▶ _Data for the task_:
━━━

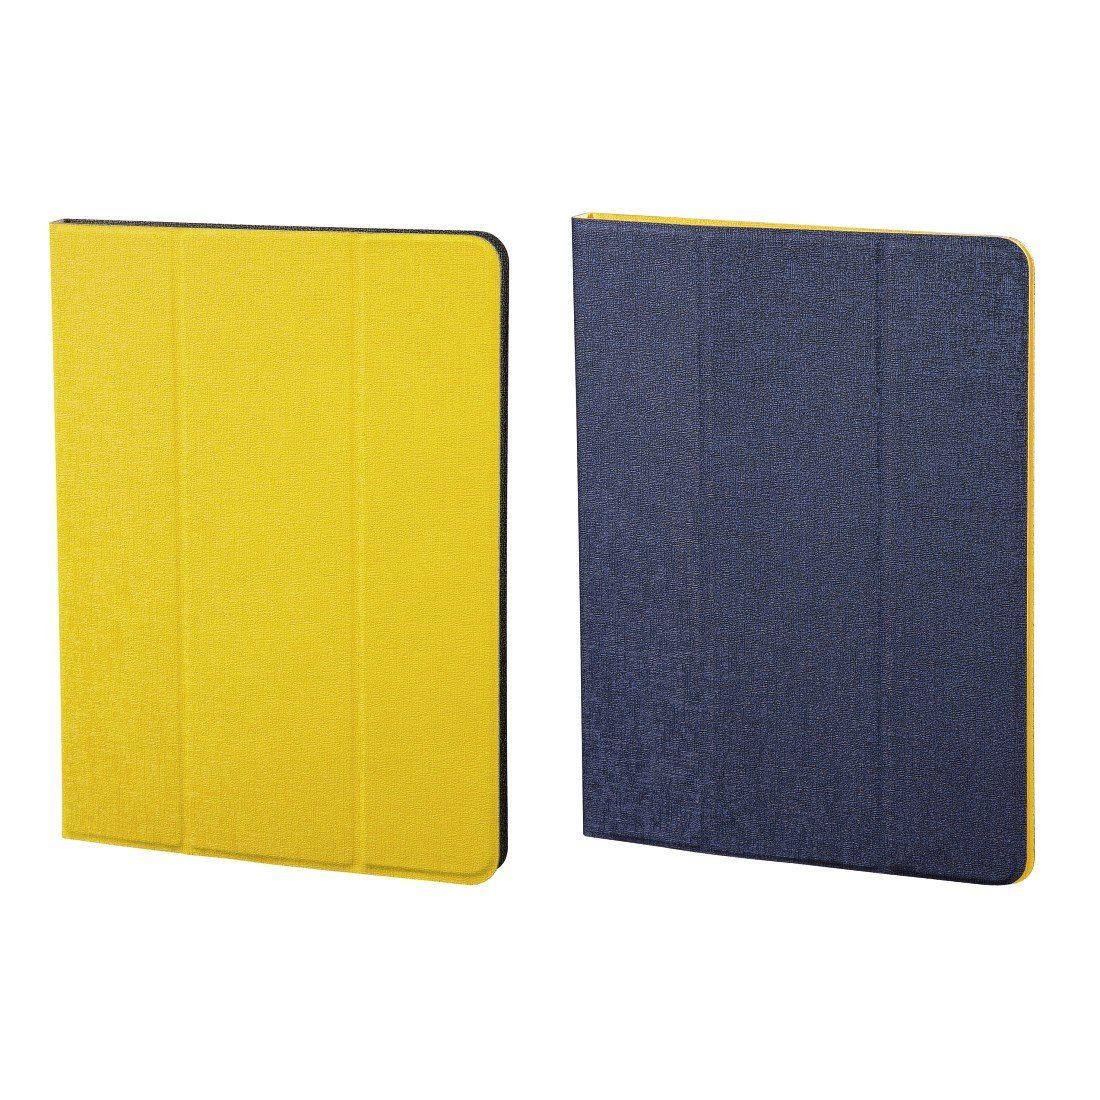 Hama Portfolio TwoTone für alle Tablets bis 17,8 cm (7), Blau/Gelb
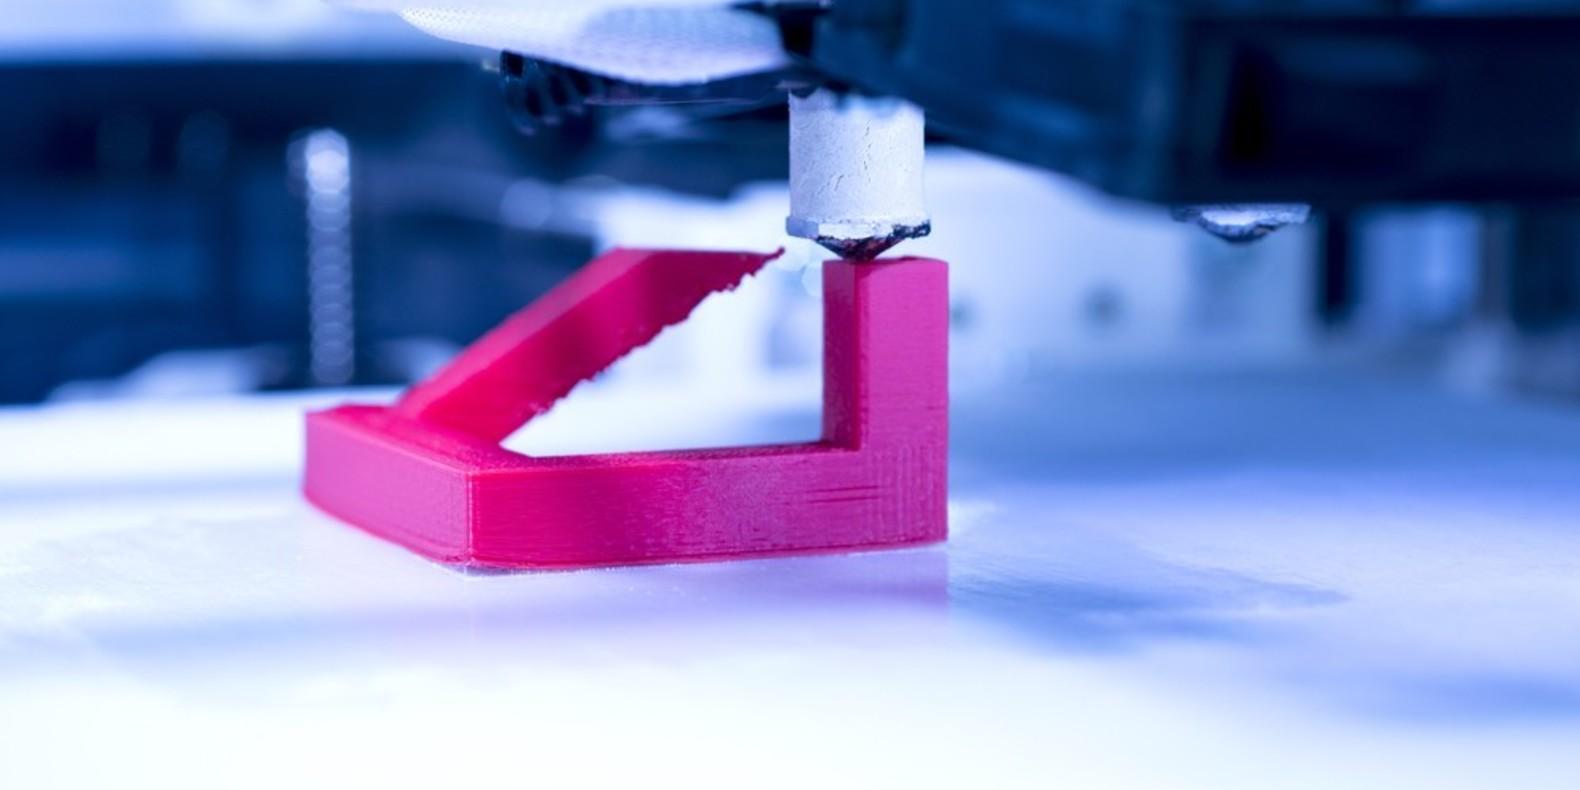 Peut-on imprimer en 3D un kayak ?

━━━

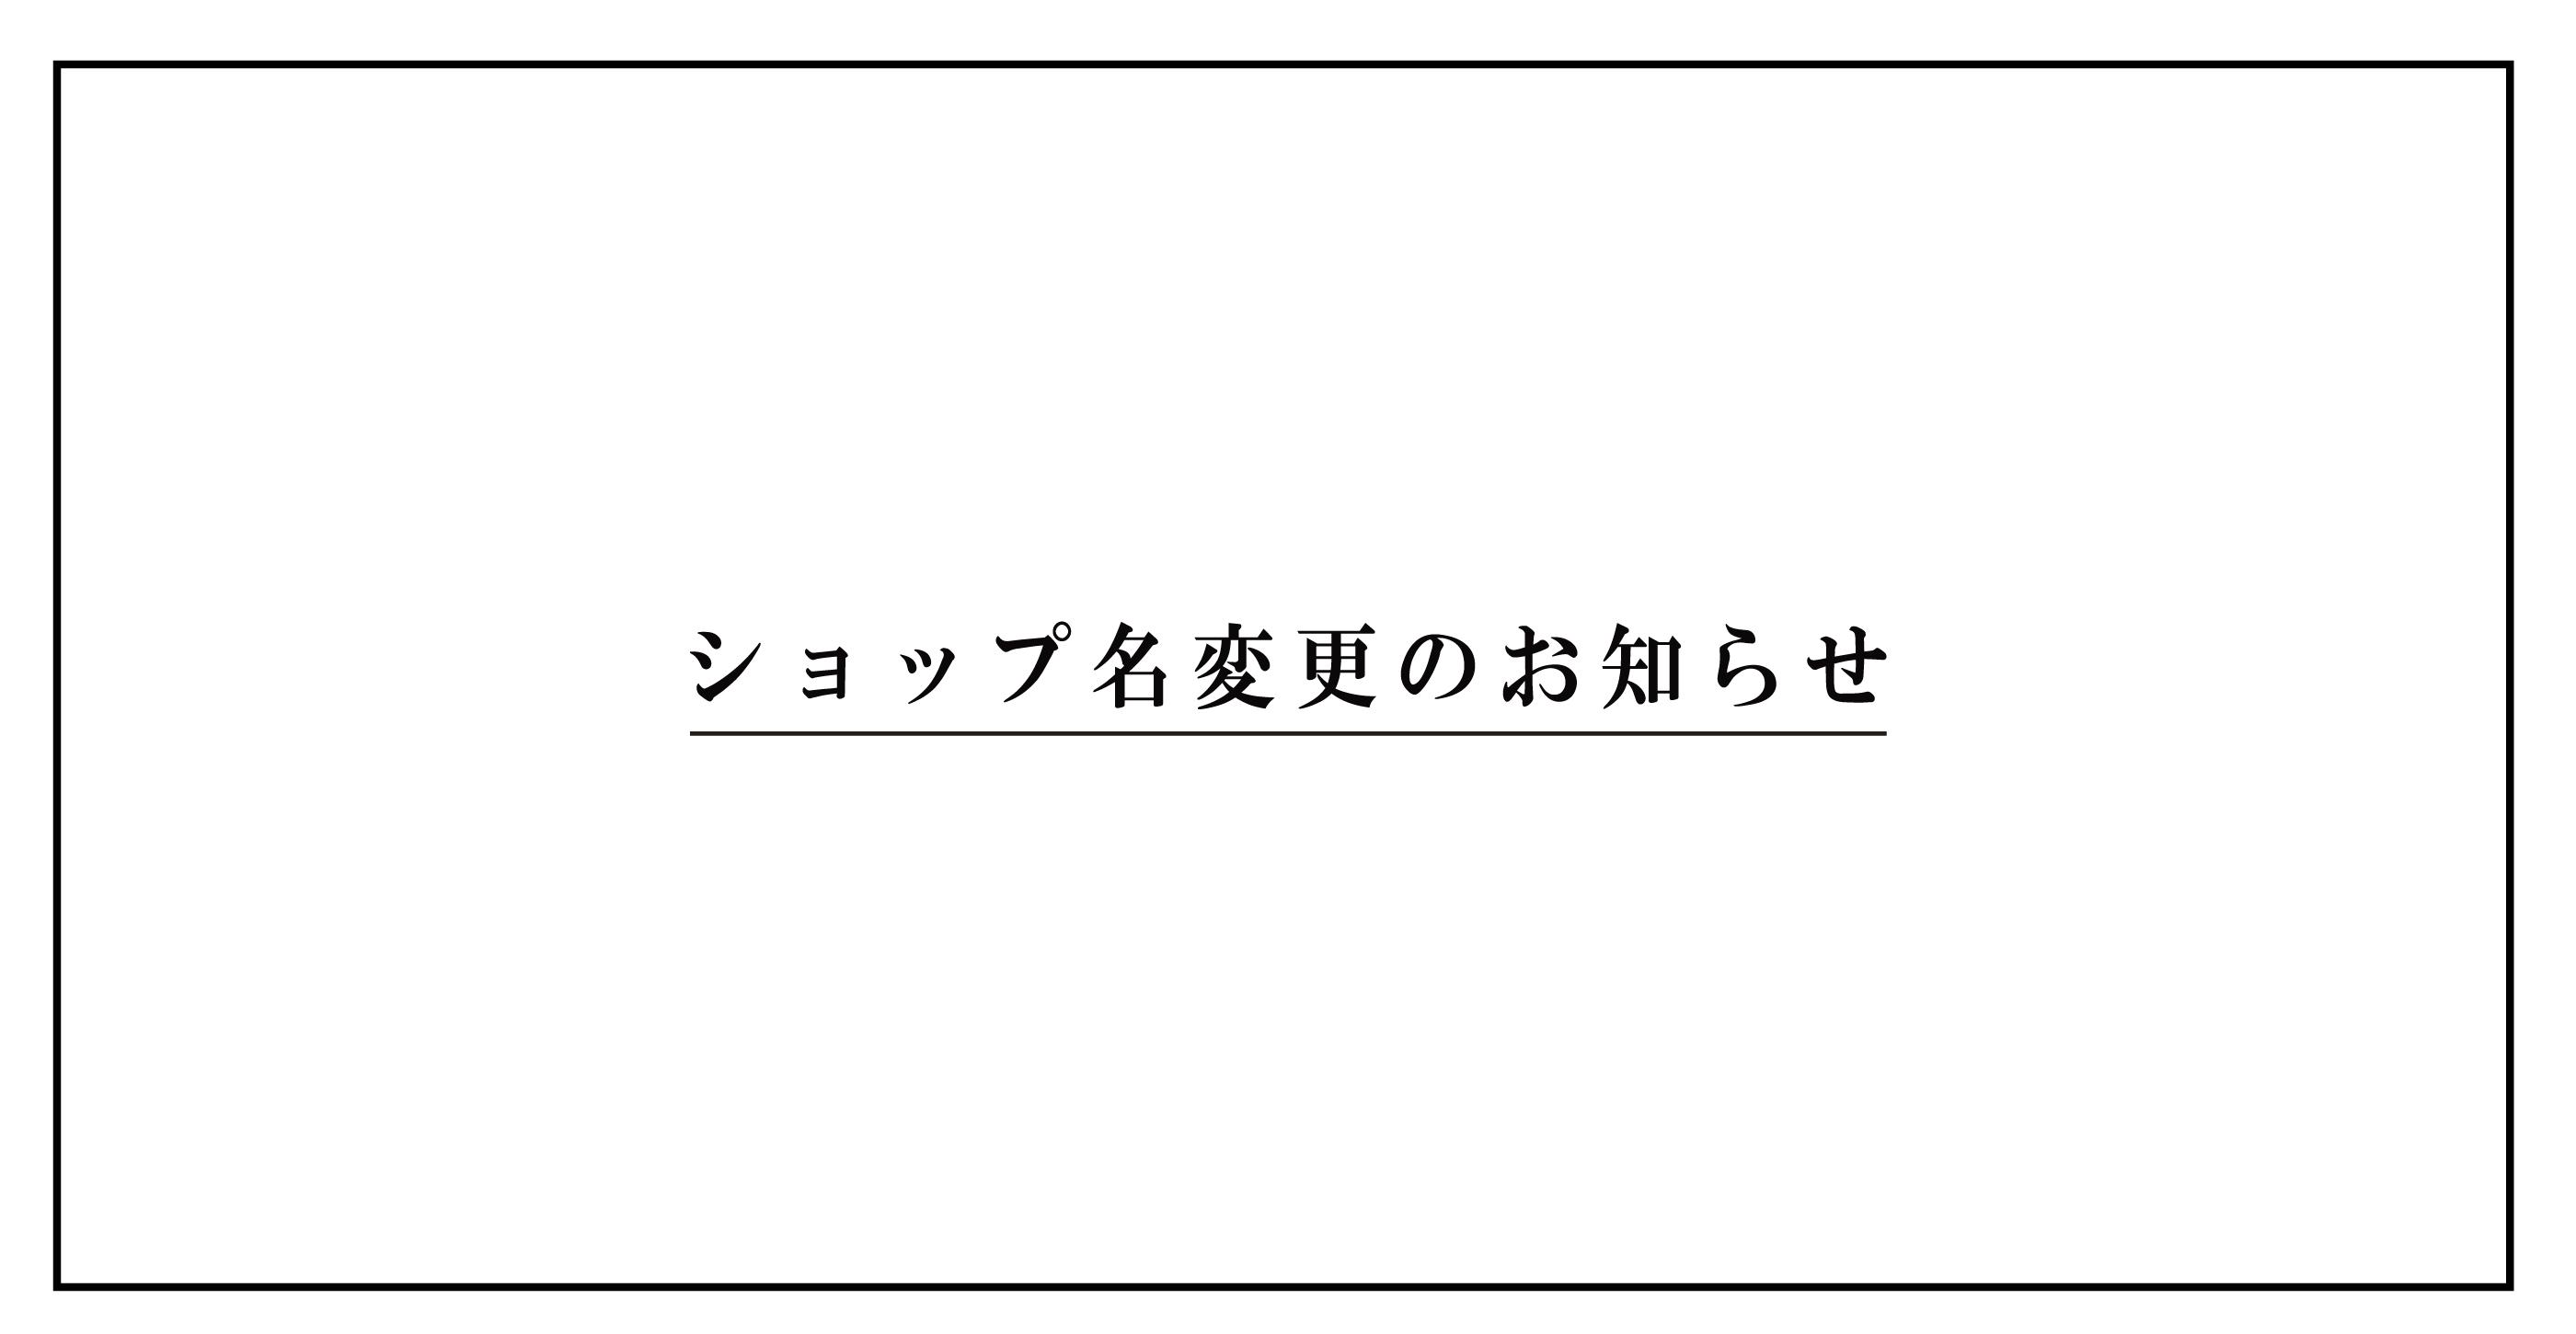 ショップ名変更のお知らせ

━━━

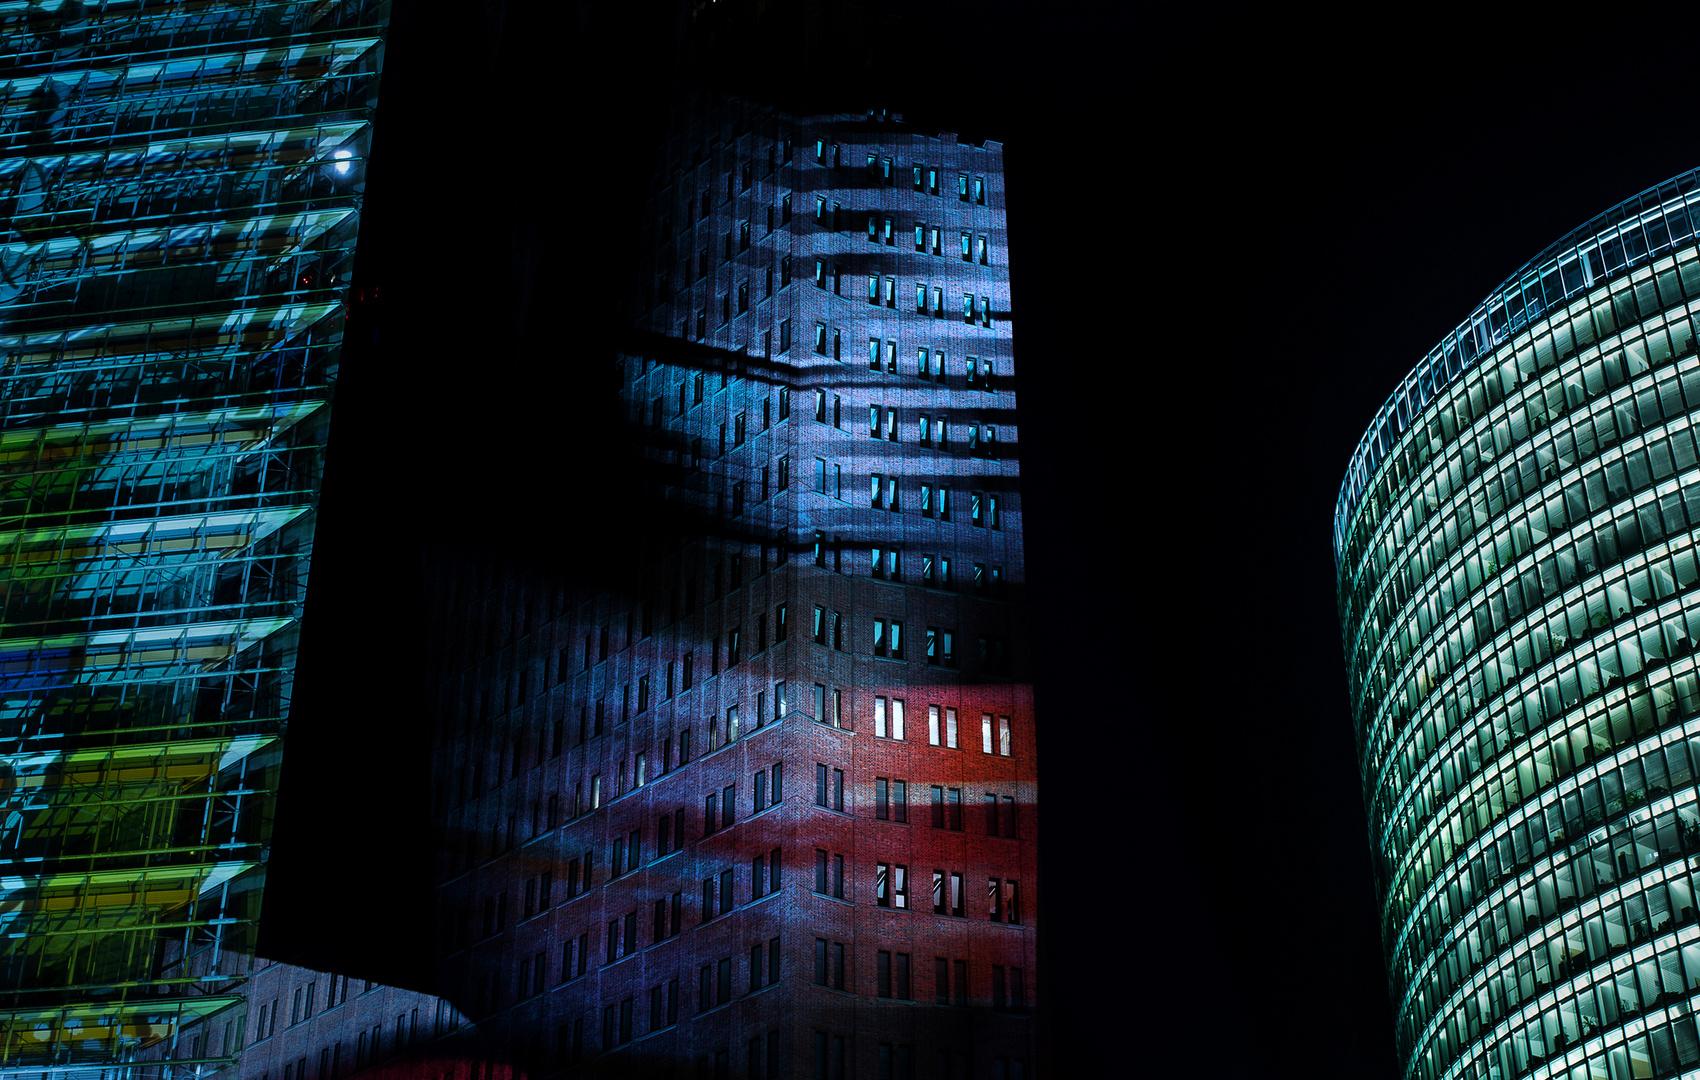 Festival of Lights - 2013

━━━

▶ _Requirement_:
Start at the line above containing "Hama Portfolio TwoTone" and stop at the line containing "Peut-on imprimer en 3D un kayak ?": print those lines and everything between them exactly, but not the pictures.

▶ _Solution to this task_:
 Hama Portfolio TwoTone für alle Tablets bis 17,8 cm (7), Blau/Gelb
 Peut-on imprimer en 3D un kayak ?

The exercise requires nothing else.